EDIT: I just checked the "sunlight hours from April to October". I actually don't know if October is included in this calculation, if not, then it is only 1302 sunlight hours in this area, which is not much and comparable to german wine growing areas.


----------



## Bartman (Sep 11, 2012)

I don't know much about European grape-growing, but the only decent German red I have ever had (and I have tried several) was Dornfelder. I was told at the local Oktoberfest that it is the only red grape that will grow well in Germany. Since Austria is a little sunnier and warmer than most of Germany, I would think it would do well or better where you are than in Germany. 
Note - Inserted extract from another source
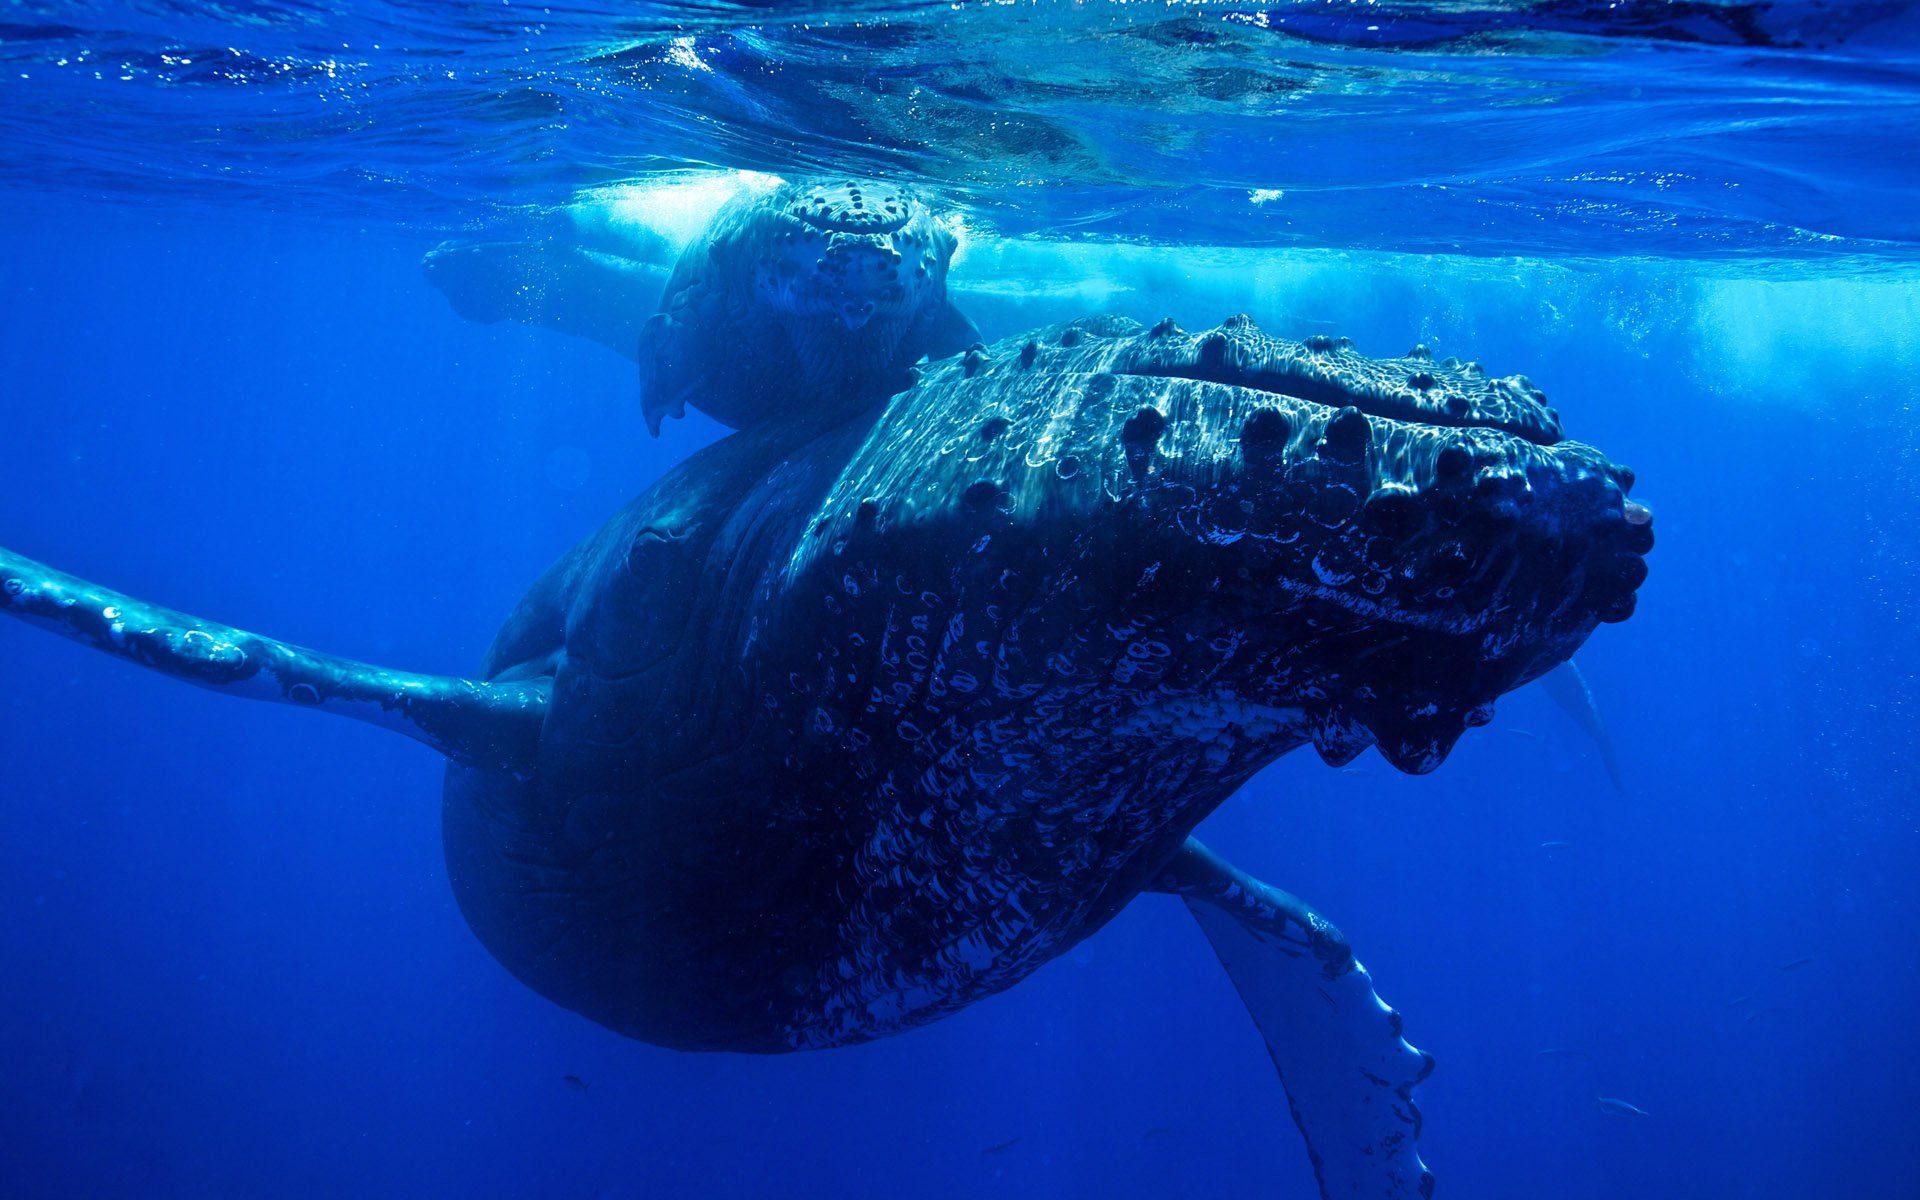 Velryby nadále nakupují bitcoiny, přestože trh pravděpodobně zaznamená silnou korekci

I would expect you could find some vines of that breed from a local or regional supplier - I doubt any supplier in the US would have even heard of Dornfelder. (after a quick Google search for Dornfelder vines I found this - http://www.doubleavineyards.com/p-685-dornfelder-grafted.aspx in Kentucky!) Have you considered and ruled out the typical French varietals - Cab. Sauv., Pinot Noir (Spätburgunder in Germany), etc.?

Anyway I don't know if we will be much help for you, but we'll try! Besides, your post is a little more intriguing than yet another question about which kit wine is better than another.


----------



## blumentopferde (Sep 11, 2012)

Thanks for your reply!
I should order some bottles of Dornfelder then. I only had bad experiences with new german grape varieties so far. Blunt wines, which are rich in color but trivial in taste. But maybe the german climate is more to blame for that than the grape variety itself. 
I've alreay planted some Syrah to see how they do, but they don't do well, Rondo (a new german Hybrid) does much better but I don't want to stick to that variety as it just doesn't produce wine that could keep up with viniferas (even though quite good for a hybrid).
I've already thought about Pinot Noir, and I'll definitely will get me a few grafts to see how they do, but it seems to be a very demanding variety, which scares me a bit off, I also don't think that it would really fit to the very heavy soil in that area.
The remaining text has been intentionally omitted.